Significance
In time and money, one of the most expensive steps of the drug discovery pipeline is the experimental screening of small molecules to determine binding to a protein target of interest. Therefore, accurate high-throughput computational prediction of drug-target interactions would unlock significant value, guiding and prioritizing promising candidates for experimental screening. We introduce ConPLex, a machine learning method for predicting drug-target binding which achieves state-of-the-art accuracy on many types of targets by using a pretrained protein language model. The approach co-locates the proteins and potential drug molecules in a shared feature space while learning to contrast true drugs from similar nonbinding “decoy” molecules. ConPLex is extremely fast, which allows it to rapidly shortlist candidates for deeper investigation.
Abstract
Sequence-based prediction of drug–target interactions has the potential to accelerate drug discovery by complementing experimental screens. Such computational prediction needs to be generalizable and scalable while remaining sensitive to subtle variations in the inputs. However, current computational techniques fail to simultaneously meet these goals, often sacrificing performance of one to achieve the others. We develop a deep learning model, ConPLex, successfully leveraging the advances in pretrained protein language models (“PLex”) and employing a protein-anchored contrastive coembedding (“Con”) to outperform state-of-the-art approaches. ConPLex achieves high accuracy, broad adaptivity to unseen data, and specificity against decoy compounds. It makes predictions of binding based on the distance between learned representations, enabling predictions at the scale of massive compound libraries and the human proteome. Experimental testing of 19 kinase-drug interaction predictions validated 12 interactions, including four with subnanomolar affinity, plus a strongly binding EPHB1 inhibitor (KD = 1.3 nM). Furthermore, ConPLex embeddings are interpretable, which enables us to visualize the drug–target embedding space and use embeddings to characterize the function of human cell-surface proteins. We anticipate that ConPLex will facilitate efficient drug discovery by making highly sensitive in silico drug screening feasible at the genome scale. ConPLex is available open source at https://ConPLex.csail.mit.edu.
In the drug discovery pipeline, a key rate-limiting step is the experimental screening of potential drug molecules against a protein target of interest. Thus, fast and accurate computational prediction of drug–target interactions (DTIs) could be extremely valuable, accelerating the drug discovery process. One important class of computational DTI methods, molecular docking, uses 3D structural representations of both the drug and target. While the recent availability of high-throughput accurate 3D protein structure prediction models (1–3) means that these methods can be employed starting only from a protein’s amino acid sequence, the computational expense of docking (4) and other structure-based approaches [e.g., rational design (5), active site modeling (6), template modeling (7, 8)] unfortunately remains prohibitive for large-scale DTI screening. An alternative class of DTI prediction methods use 3D structure only implicitly, making rapid DTI predictions when the inputs consist only of a molecular description of the drug [such as the SMILES string (9)] and the amino acid sequence of the protein target. This class of sequence-based DTI approaches enables scalable DTI prediction, but there have been barriers to matching the levels of accuracy obtained by structure-based approaches.

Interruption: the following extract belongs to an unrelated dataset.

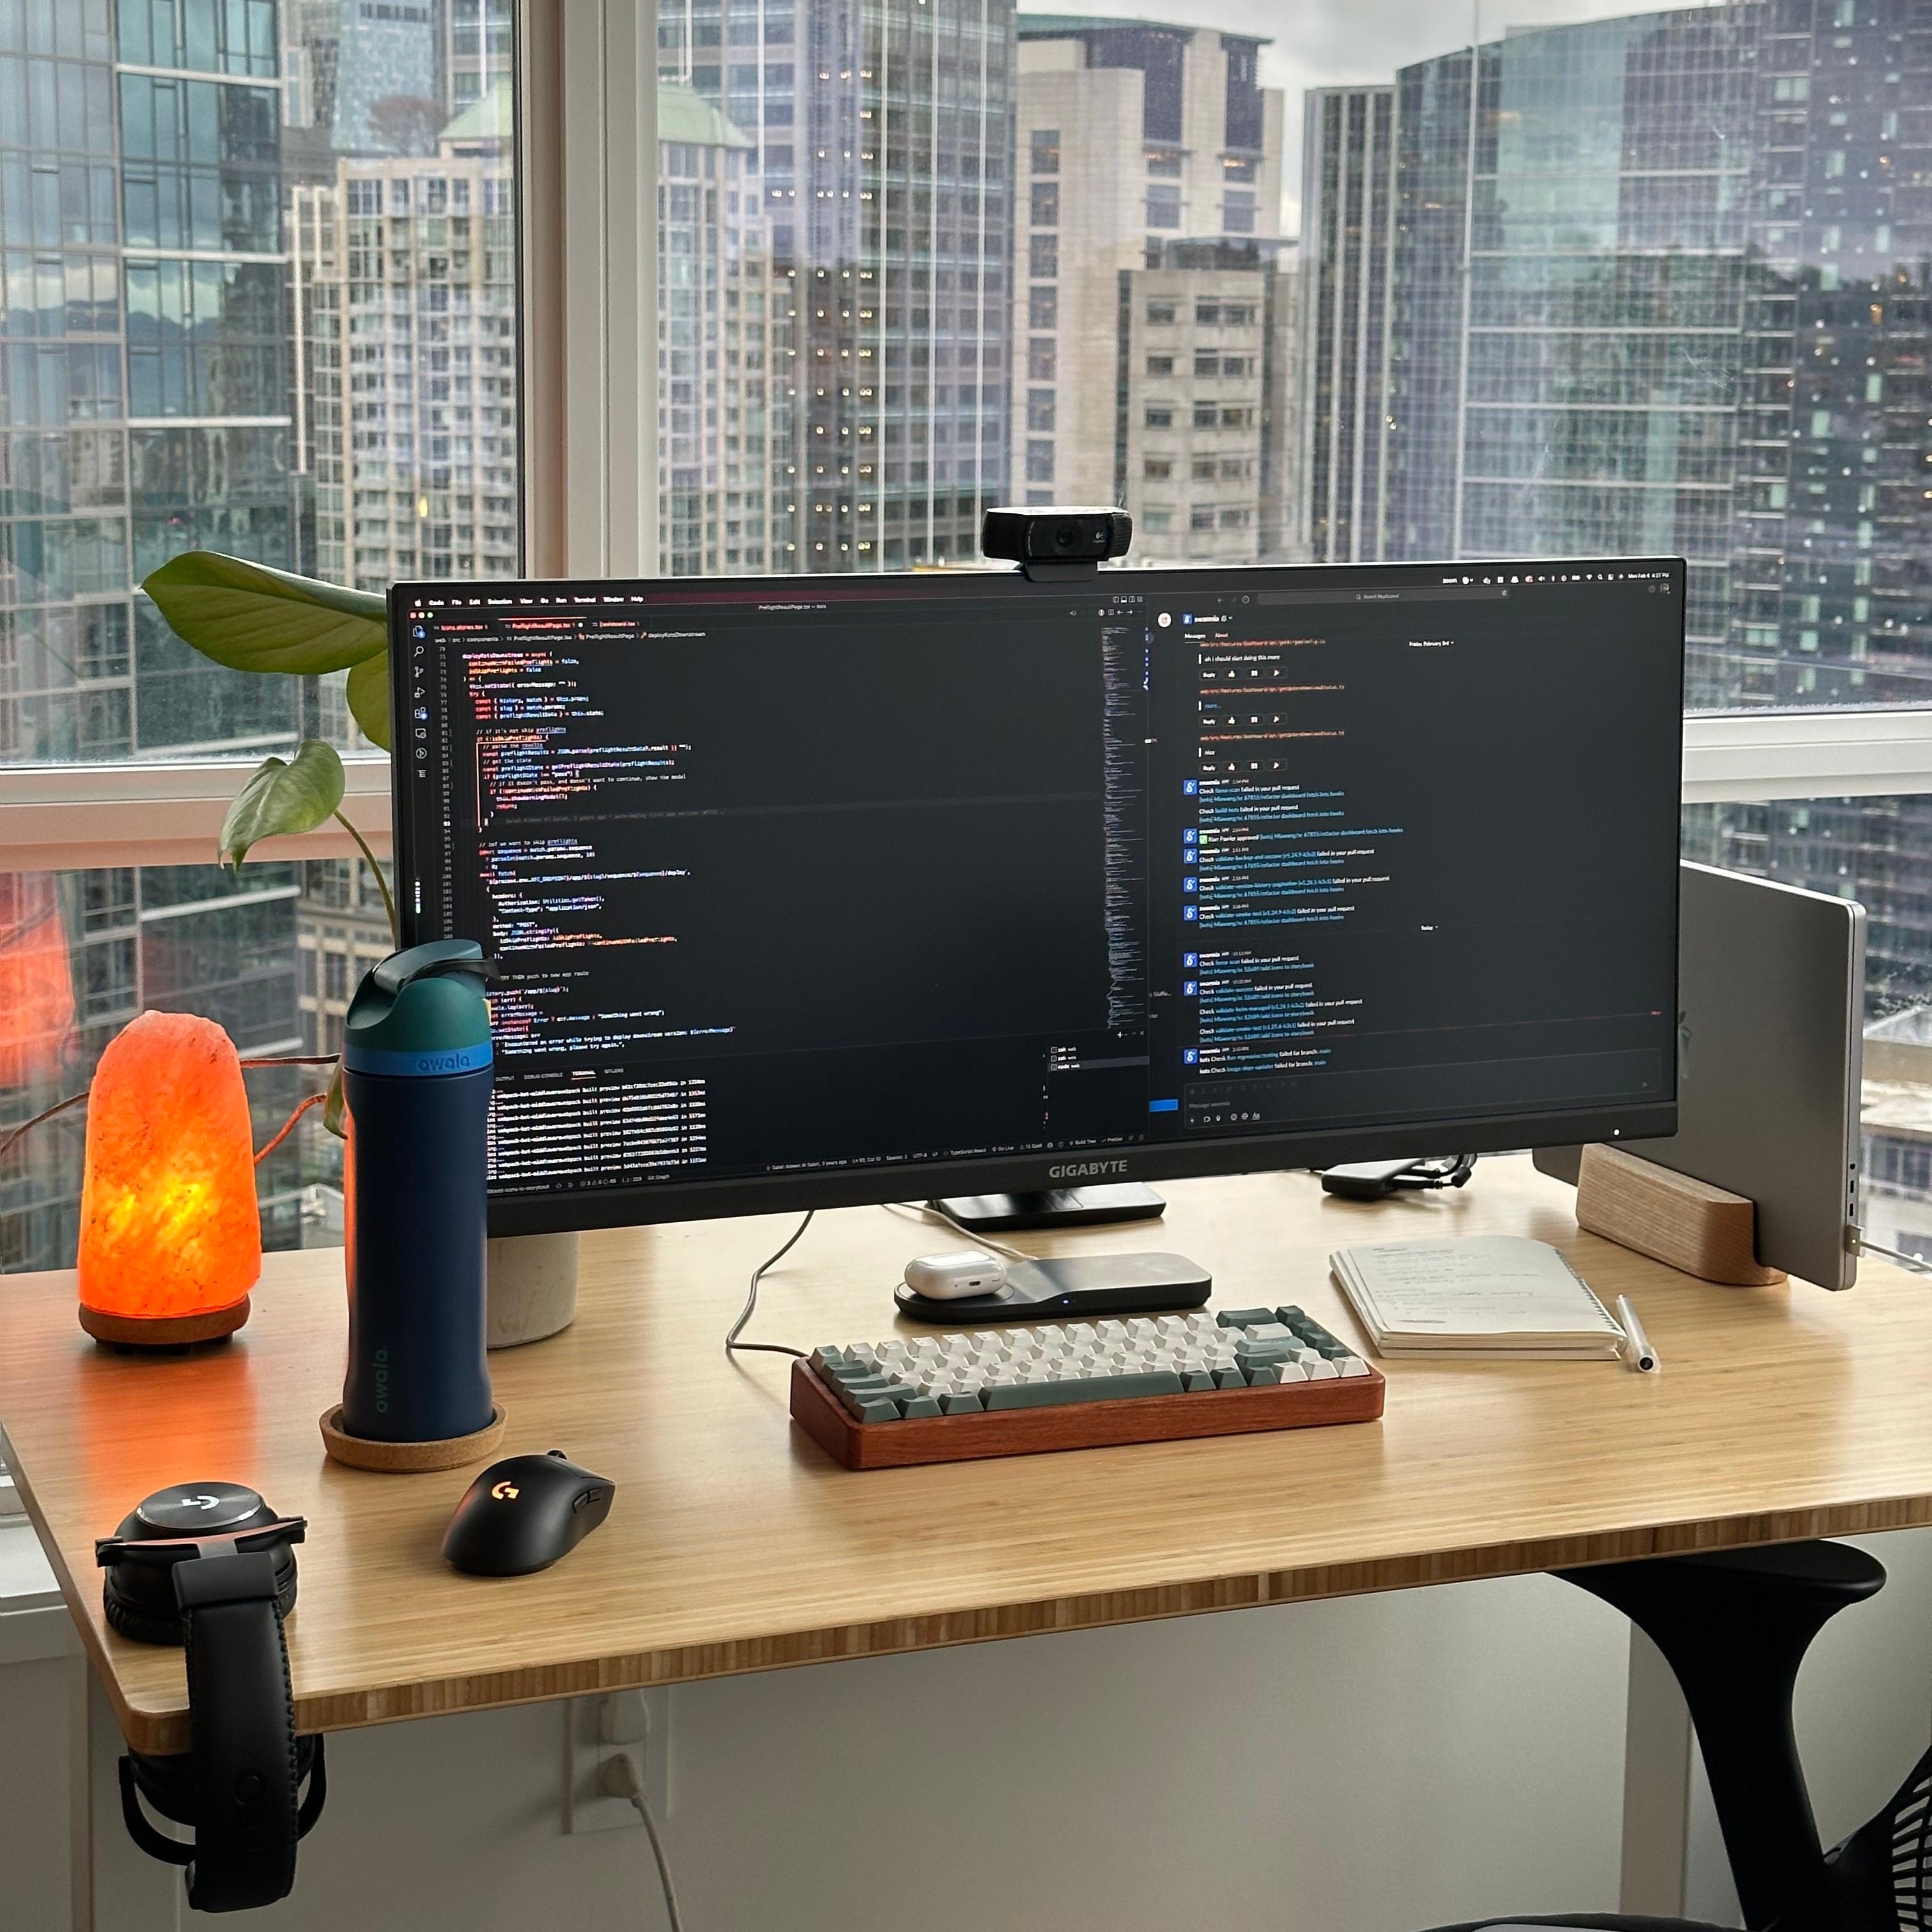 Mia's desk setup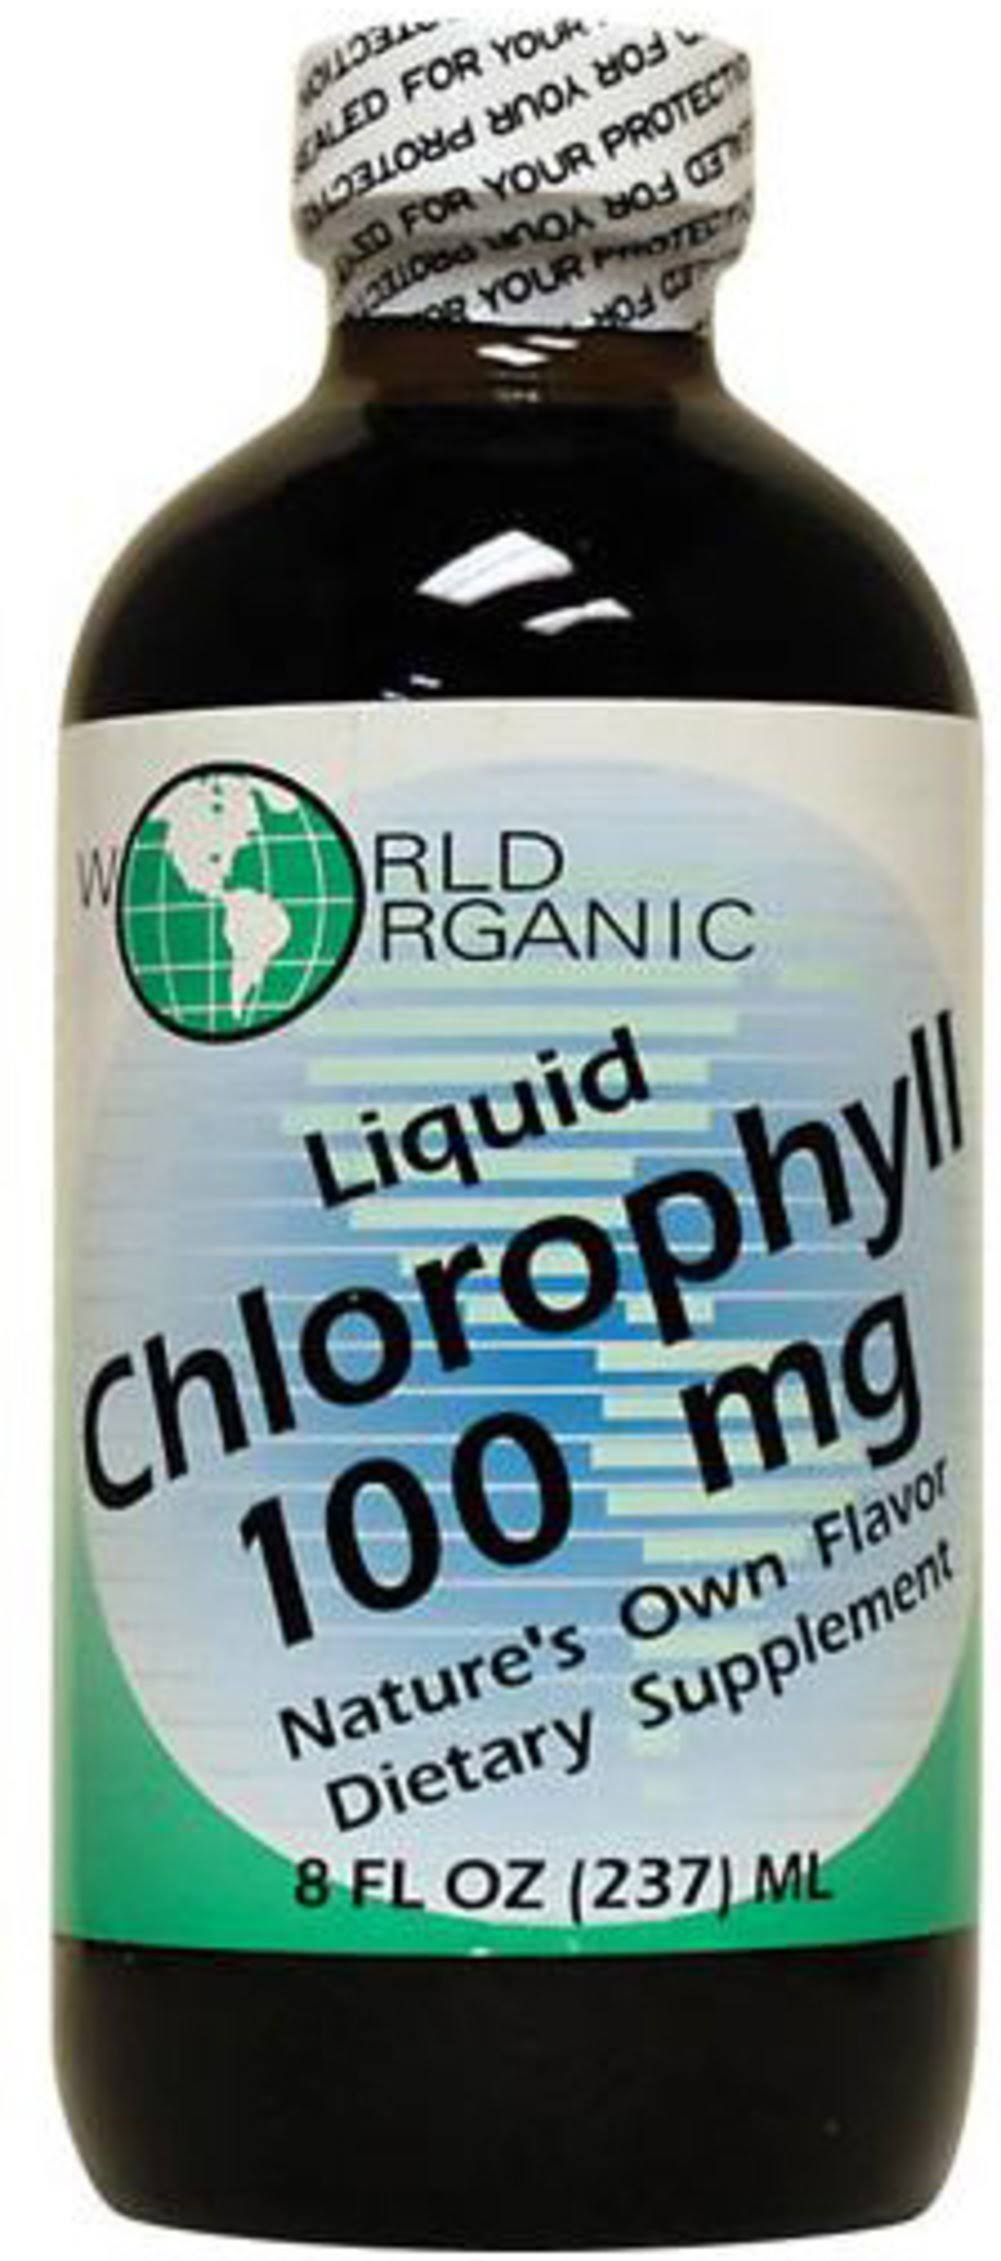 World Organic Liquid Chlorophyll - 100mg

In this paper, we introduce ConPLex, a rapid purely sequence-based DTI prediction method that leverages rich featurizations from pretrained protein language models (PLMs) and show that it can produce state-of-the-art performance on the DTI prediction task at scale. The advance provided by ConPLex comes from two main ideas that together overcome some of the limitations of previous approaches: informative PLM-based representations and contrastive learning. While many methods have been proposed for the sequence-based setting of the DTI problem (10) [e.g., using secure multiparty computation (11), convolutional neural networks (12), or transformers (13)], their protein and drug representations are constructed solely from DTI ground truth data. The high level of diversity among the DTI inputs, combined with the limited availability of DTI training data, limits the accuracy of these methods and their generalizability beyond their training domain. Furthermore, the methods that do generalize often do so by sacrificing fine-grained specificity, i.e., are unable to distinguish true-positive binding compounds from false positives with similar physicochemical properties (“decoys”).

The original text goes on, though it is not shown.